10. In the Upload Okta Metadata dialog, click Metadata (the orange folder icon), and select the metadata.xml file that you previously downloaded by clicking Upload. When metadata displays in Metadata Content, click Upload to confirm.
    The uploaded metadata appears in the Okta SP Settings section.

11. Go back to the Okta portal.

12. Go to Security > Multifactor.

13. Click IdP Factor.
    The IdP Factor page opens.

14. Select your newly added IdP from the list and click Save.

15. To enable the IdP Factor, click Active.

Test your configuration

Follow these steps to create a group of testers and add a policy describing the sign-on rules. With those settings, you can check how your newly created integration works.

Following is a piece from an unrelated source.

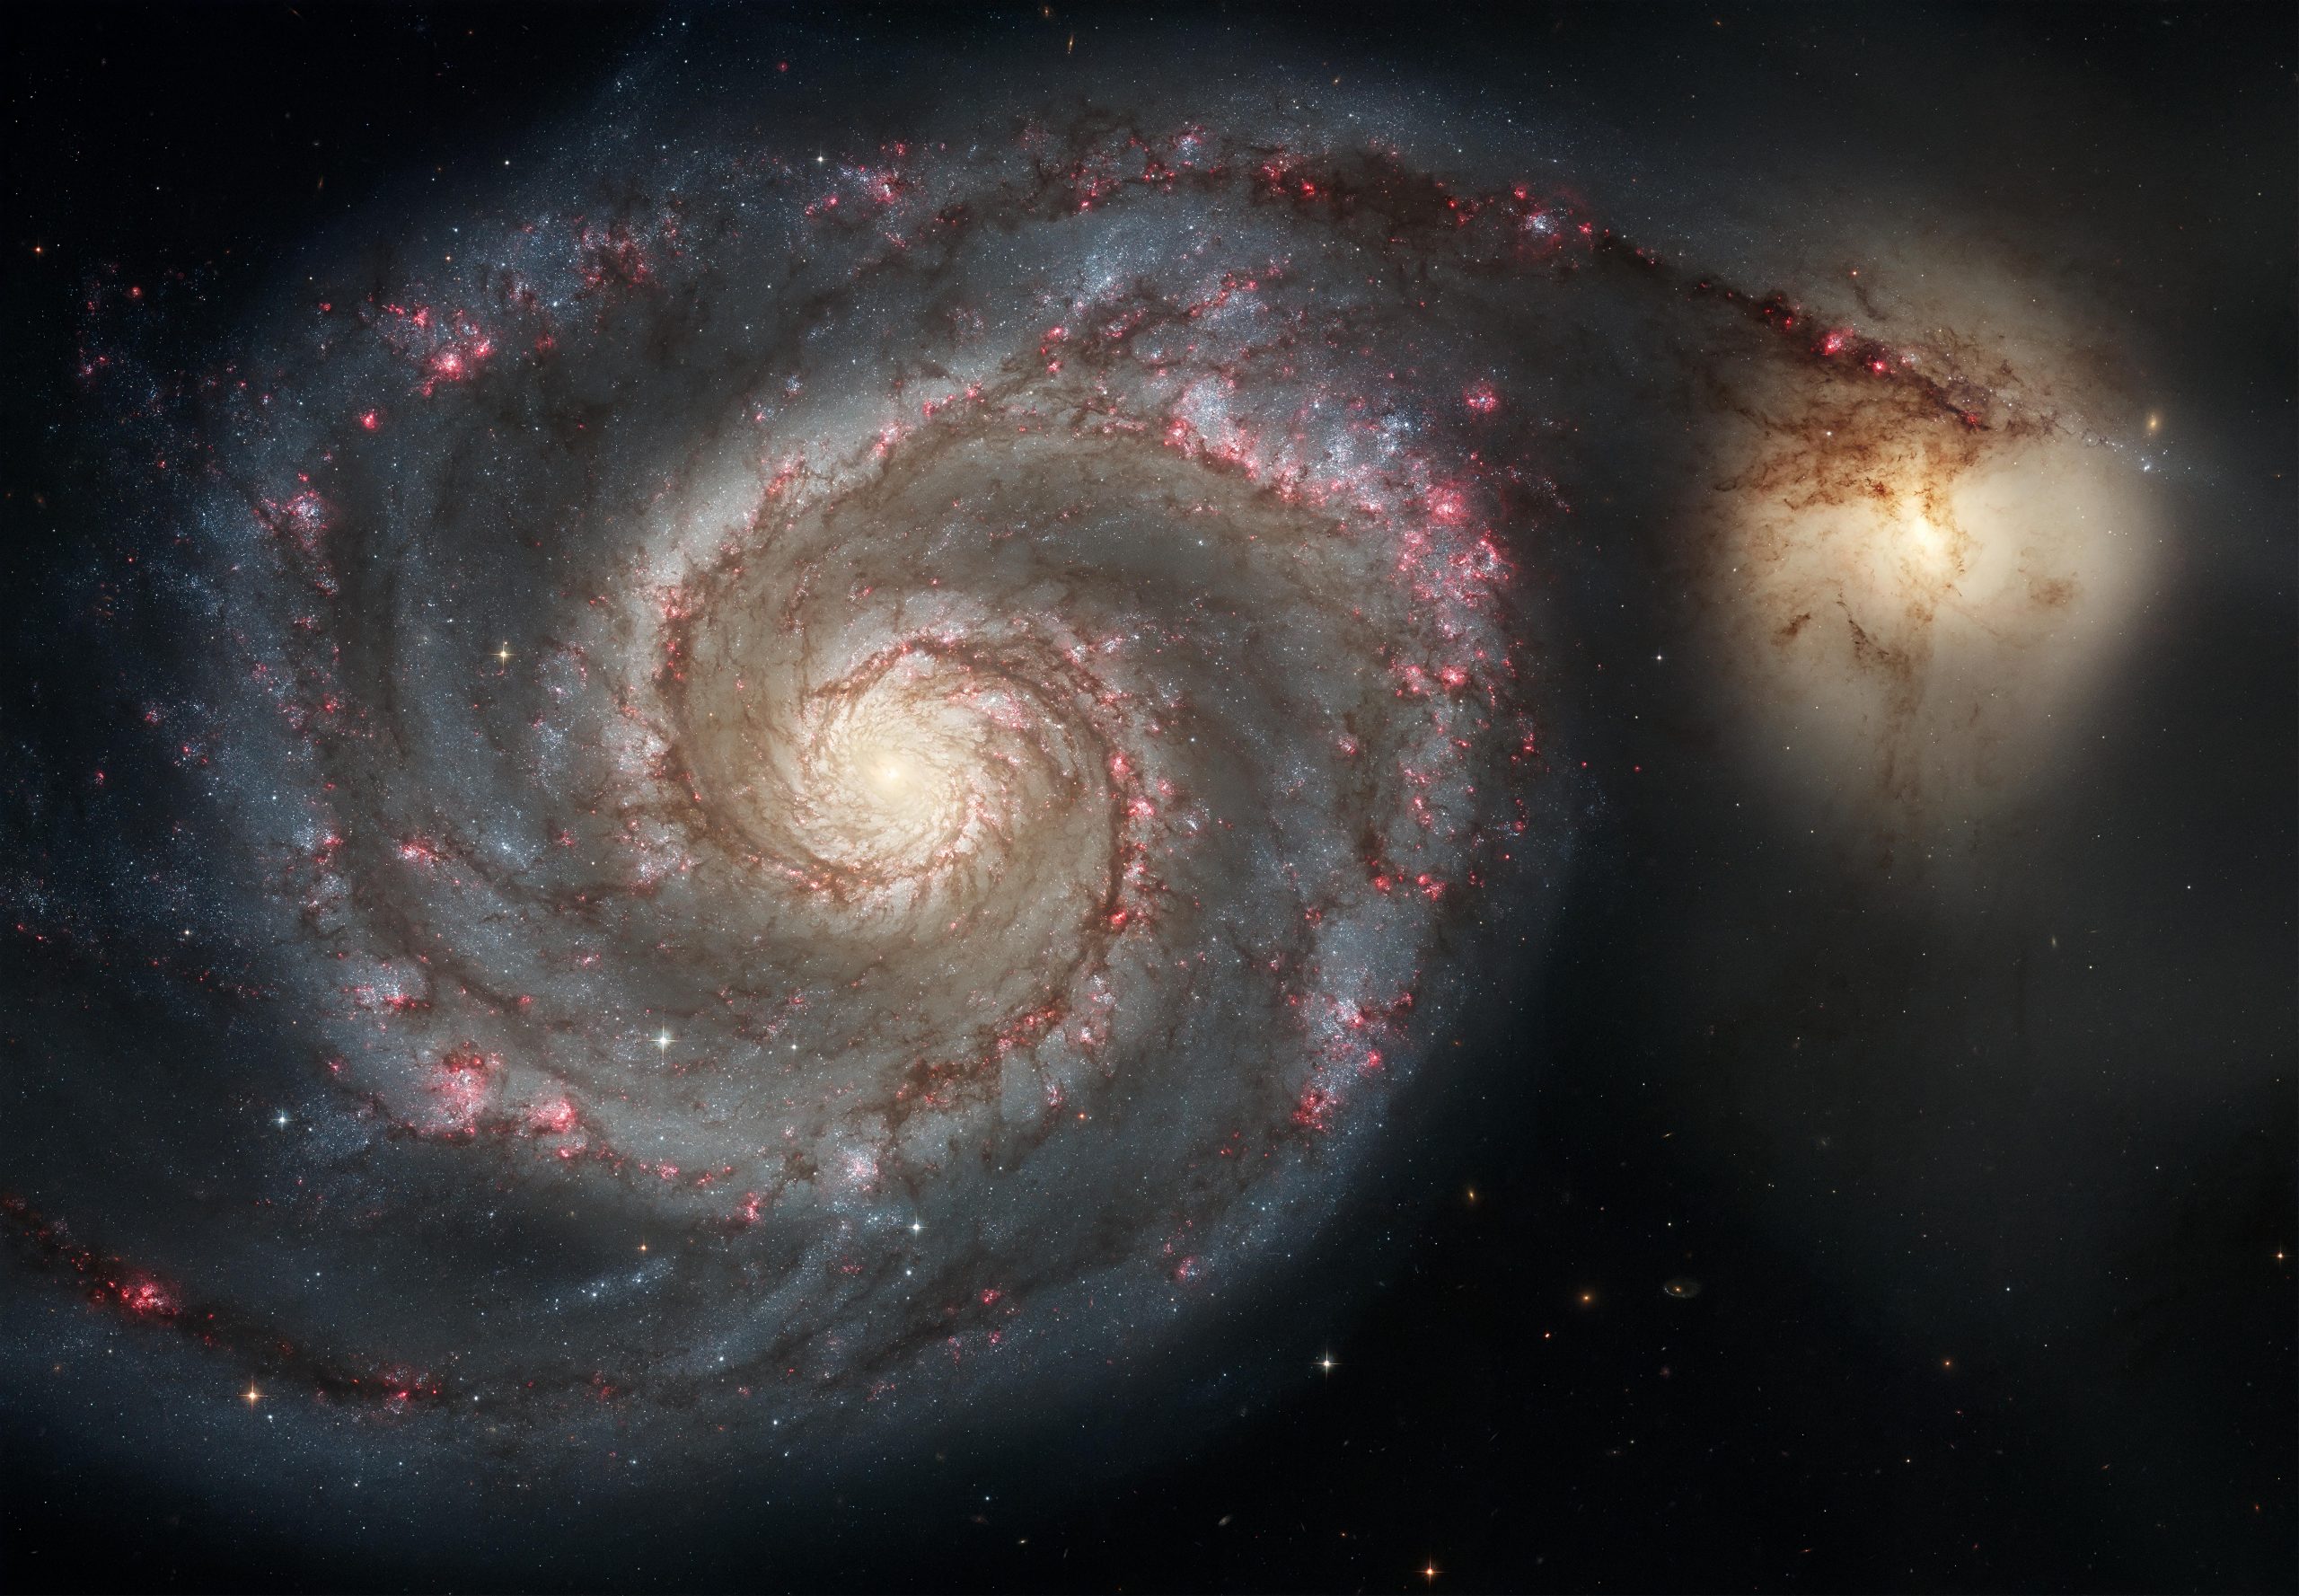 A photograph of a spiral galaxy. Depositphotos.
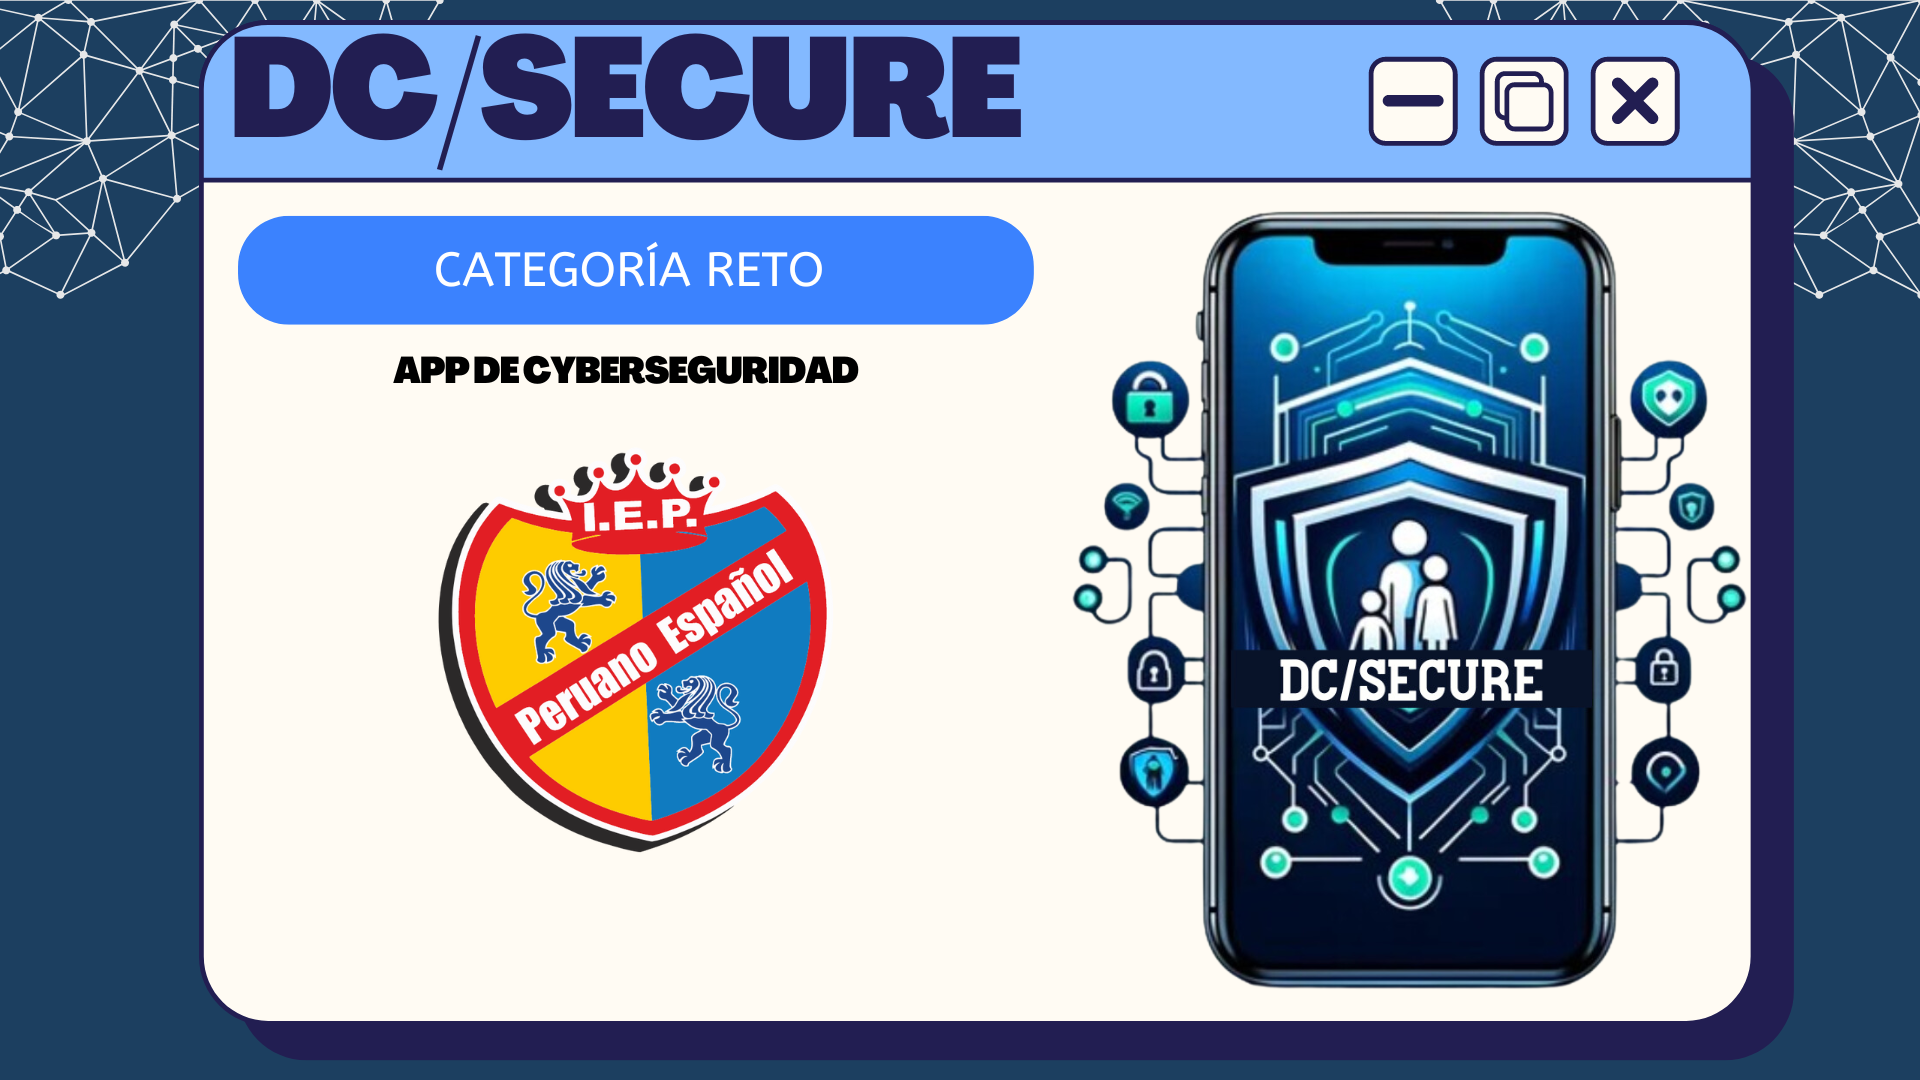 Ver Trabajo presentado App de cyberseguridad: DC/Secure

Testing your setup allows you to experience the end users' authentication process.

📘

This step is optional.

Create a group for test users

1. Log in to Okta Portal as an administrator.

2. Go to Directory > Groups.

3. Click Add Group.

4. Enter Group name and click Add Group.

Create users

1. Log in to Okta Portal as administrator.

2. Go to Directory > People.

3. Click Add Person.

4. Fill in obligatory fields and click Save or Save and Add Another to continue adding test users.

Create a policy

1. Log in to Okta Portal as an administrator.

2. Go to Security > Authentication.

3. Click Sign On.

4. Click Add New Okta Sign-On Policy.

5. Add Policy Name and assign the previously created group.

6. Click Create Policy and Add Rule.

Add a rule

1. Set rule conditions. Remember to select Required in Multifactor authentication (MFA) is to activate secondary authentication.

2. Click Create Rule.
   Now that you added testers and set the authentication policy, you can start testing your setup.

📘

To learn more about setting up Okta sign-on policies and rules, see Configure an Okta sign-on policy in Okta documentation.

To learn how to configure an app sign-on policy, see Configure an app sign-on policy in Okta documentation. When setting up your app sign-on policy, make sure to select Prompt for factor to activate secondary authentication.

Test your setup

1. Use test user credentials to log in to Okta Portal.

2. Immediately you're informed about the secondary authentication factor and prompted to self-enroll. Click Configure factor.

3. Click Enroll to configure the secondary authentication factor.

4. You are redirected to the ​Akamai MFA​ mobile app. Click Enroll a Device to start the self-enrollment process.

See For Users to learn about the details of the self-enrollment process in the service.